Separation anxiety is a sign of a close attachment bond between baby and his/her parents.  Because of the strong bond, children fear losing the people he/she is dependent upon for love and care.  This is normally seen around 9 to 16 months old, among other times.

As your baby has a new-found ability to wander farther from his/her caregiver, new independence and the realization that the world is a bigger and scarier place causes your child to have separation anxiety.

Your child may become clingy and even cry when you leave the room.  The degree will differ from child to child. 

If we help our kids through this appropriate developmental stage with compassion and patience, we can help them become emotionally resilient and learn to better tolerate the separation while also teaching them a self-reliance that will lay a strong foundation for the future.

Be careful not to let your own anxieties fuel your child's separation difficulties.  If he senses your apprehension about leaving, he will:  1) think there is something to fear; and 2) think he can keep you from leaving.  Children cannot handle that kind of power on their small shoulders.

Healthy separations teach trust, faith, patience, courage, and self-confidence.

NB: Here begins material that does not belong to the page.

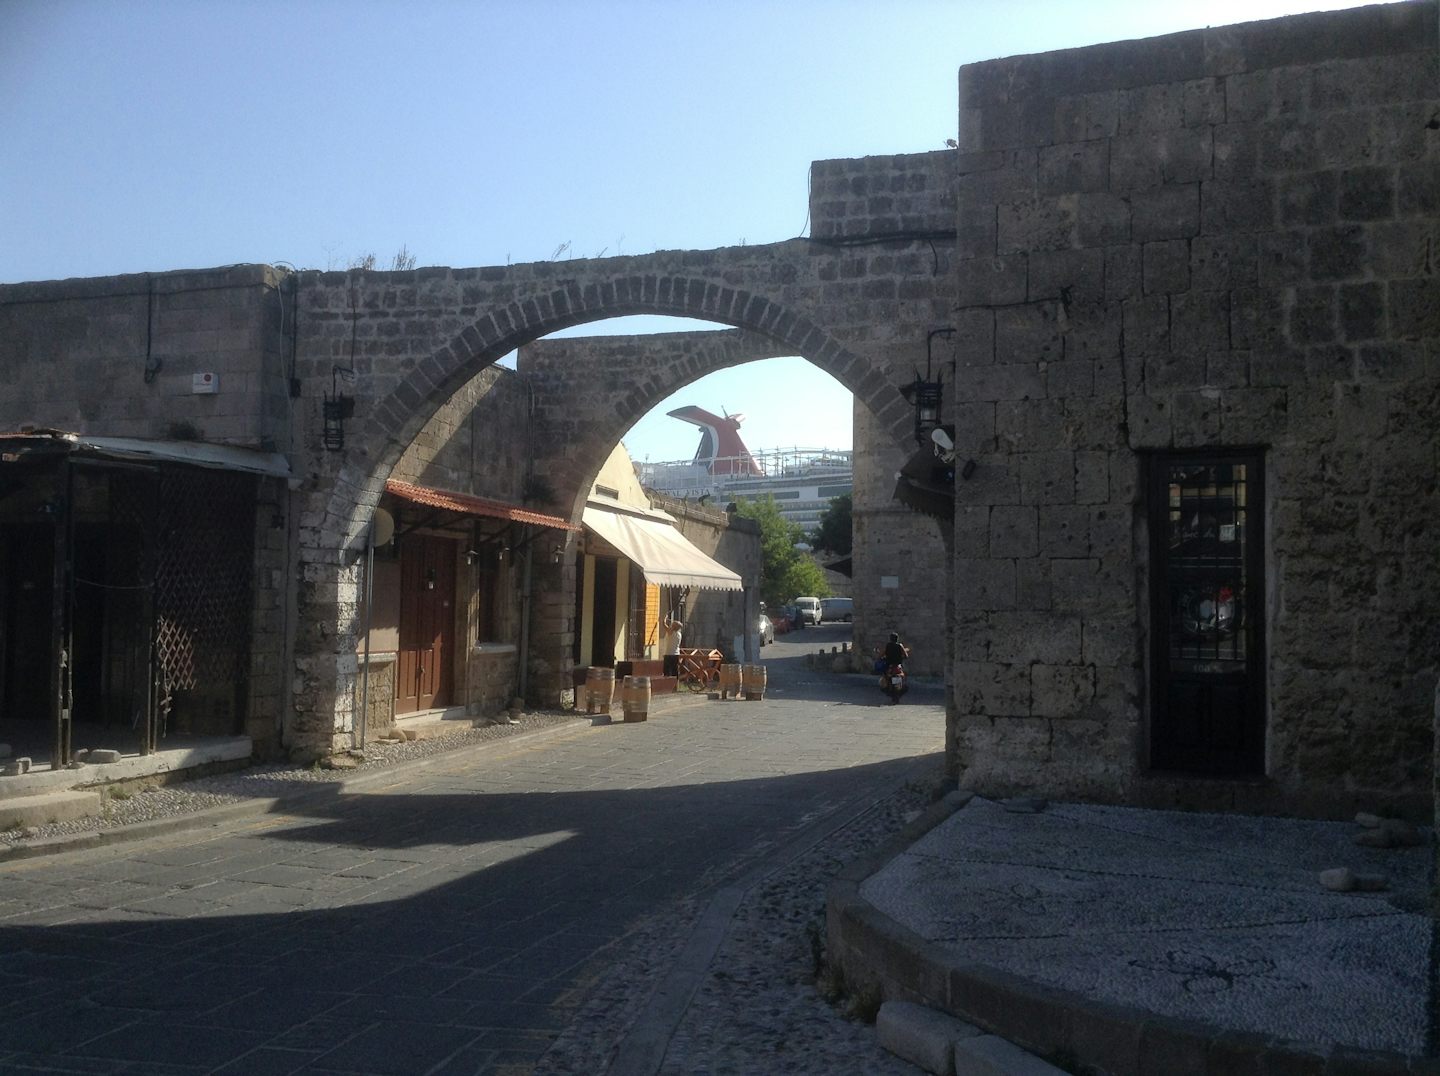 View of Carnival Vista from streets of Ancient Rhodes, June 23, 2016.
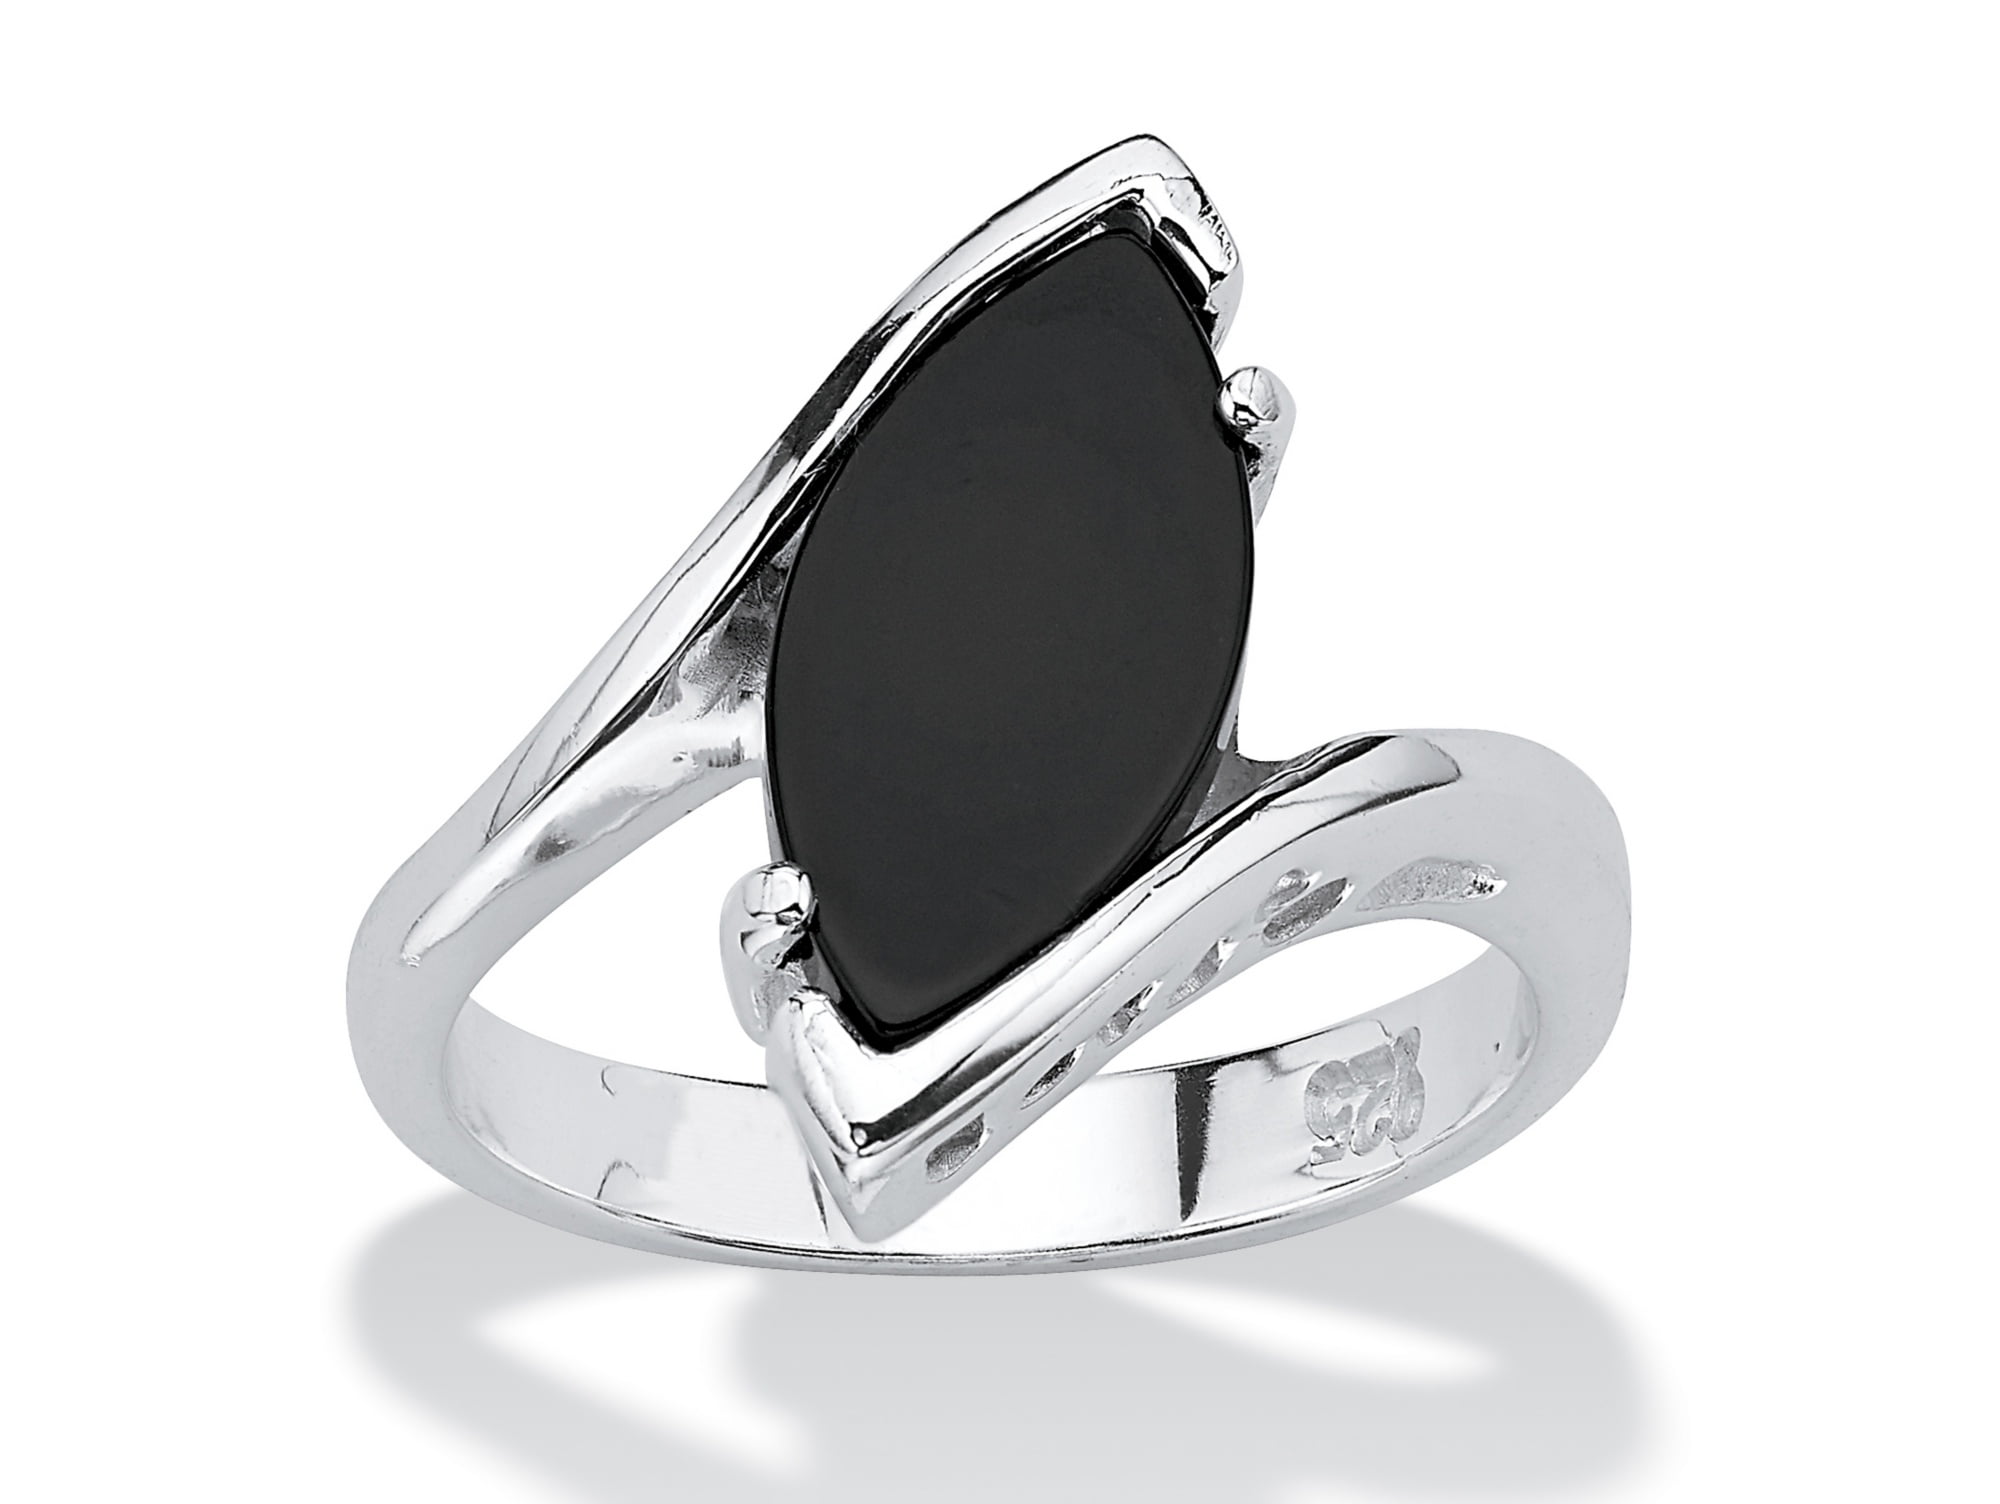 Details about   925 STERLING SILVER & BLACK SPINEL MARQUISE STATEMENT RING SIZE 11

Tips for Coping with Separation Anxiety:

  1. Create traditions and rituals around leaving. Let your child choose how he will say goodbye.  For example, he/she may push you out the door, give a big hug or kiss, sing a song with you, read a book, (i.e., The Kissing Hand, Sing "My Mommy Comes Back")

  2. Make sure your child is familiar with the caregivers who will be with him while you are gone.  If not, take the time to help him become familiar and allow time for warming up to a new place.

  3. Do emotion coaching.  "It's sad when Mommy leaves." A little empathy goes a long way.  Tell him you look forward to when you come back and you can bake cookies together.

  4. Give lots of positive reinforcement about each step of courage.

  5. Try not to be late!  This teaches children that they can trust your word.  A short amount of time seems longer to kids.

  6. Be organized and allow enough time that your goodbye is not rushed.  Have a nice time together before you leave for an extended period of time.

  7. Help your child adapt into the situation.  (school or sitter, etc...)  Get them into an activity.  This will help him say goodbye to you.

  8. Use transitional objects to help them to "feel the connection" with you even when you are gone.

  9. Anticipate the good things that will happen while you are gone.

  10. Make sure his caregiver is there to help your child become engaged before you leave.